Opening Hex with the Delarosas’ move, despite the desperate pleas of the townspeople for them to live elsewhere, would puzzle and intrigue both them and the reader, leading us to wonder what could be so terrible about Black Spring. Then, as the Delarosas begin adjusting to their new life in the town, they would notice the curiously high number of surveillance cameras. They would notice that Black Spring is incredibly closed off and hostile to outsiders. This would pique both their suspicions and ours; what is wrong with Black Spring? Then, Katherine could appear in their home – terrifying both the Delarosas and us.
Unfortunately, this is not how Hex begins, so you must make it past chapter 6 in order to understand and enjoy the narrative as, once we know more about Katherine and Black Spring, the book immediately gets much scarier and creepier.
After this moment, I was drawn to keep reading – I had no idea what was going to happen next or when things were going to happen, and this filled the book with such exciting unpredictability. The townspeople interact more with Katherine and, as a result, Black Spring devolves into a savage, violent, and dangerous community.
Then, towards the end, Hex becomes disappointing and confusing. The narrative is filled with dream sequences that make no sense and abhorrent violence, with no real resolution. The protagonist (if there is one), Steve Grant, suggests Katherine has been innocent all along, and that it is the people of Black Spring who are really at fault; they have corrupted themselves with evil.

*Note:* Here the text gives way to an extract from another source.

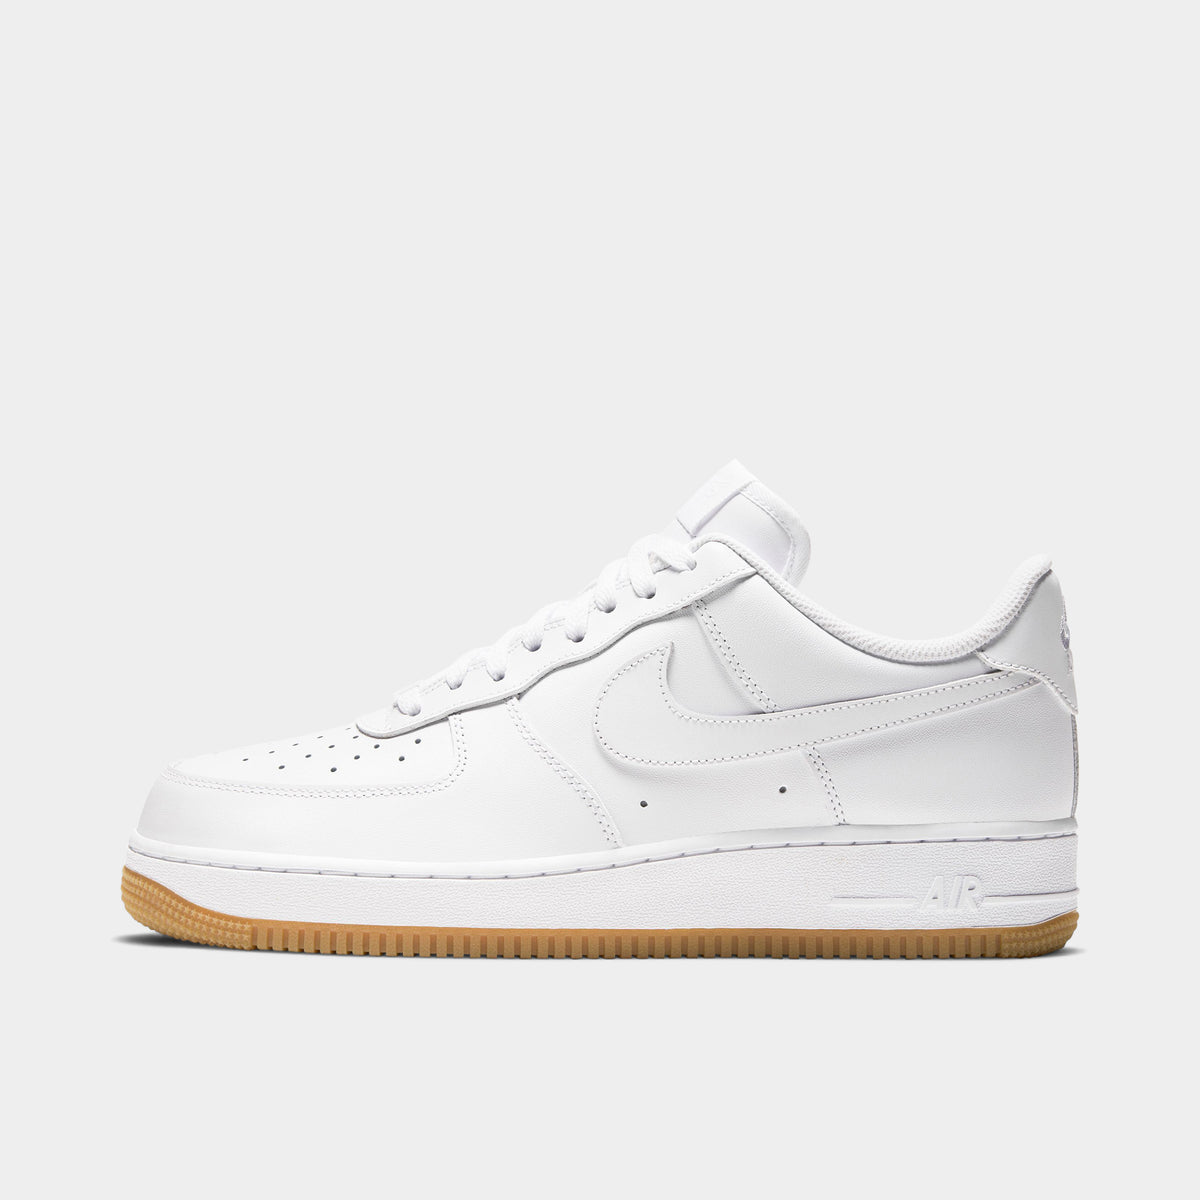 white and black air forces with gum bottoms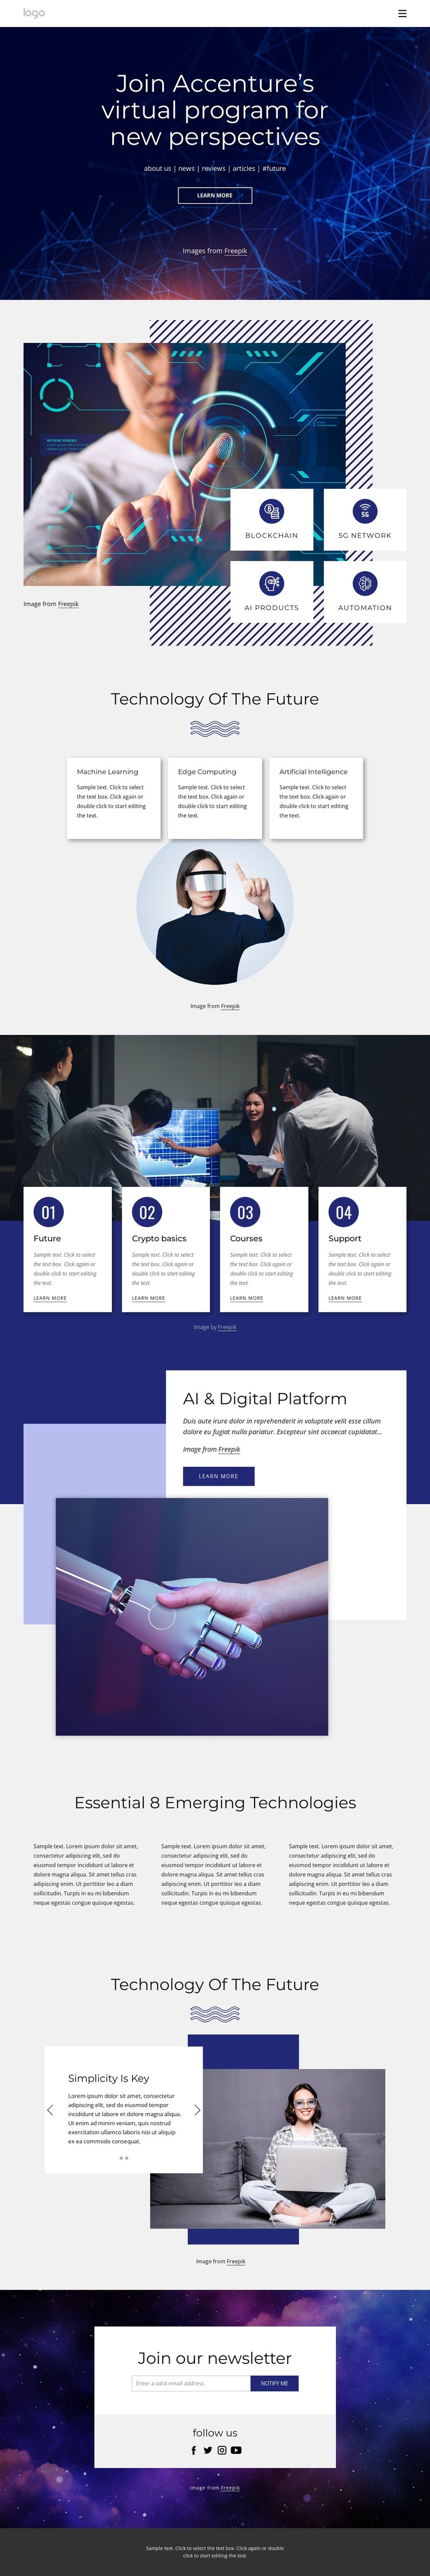 New technology perspectives HTML5 Template

Unfortunately, I am not convinced by this at all. Throughout the book, we see Katherine bewitch, attack, and even kill people. Admittedly, some extreme or violent actions committed by the townspeople are not caused by Katherine, but are caused by the people of Black Spring allowing their fear and anger to transform them into lawless savages. However, to suggest Katherine is entirely innocent and Black Spring would have been corrupted anyway, even if she had never existed is just wrong. Katherine has clearly had a negative influence over some of the townspeople, and this exacerbated and escalated the cruelty, violence, and savagery which takes place.
Overall, I was disappointed by Hex.
I almost stopped reading after the first few chapters, and I couldn’t make sense of things. Then, it suddenly became really good – it was exciting, interesting, and engaging. Yet, by the ending, I was left puzzled, cross, and disappointed again.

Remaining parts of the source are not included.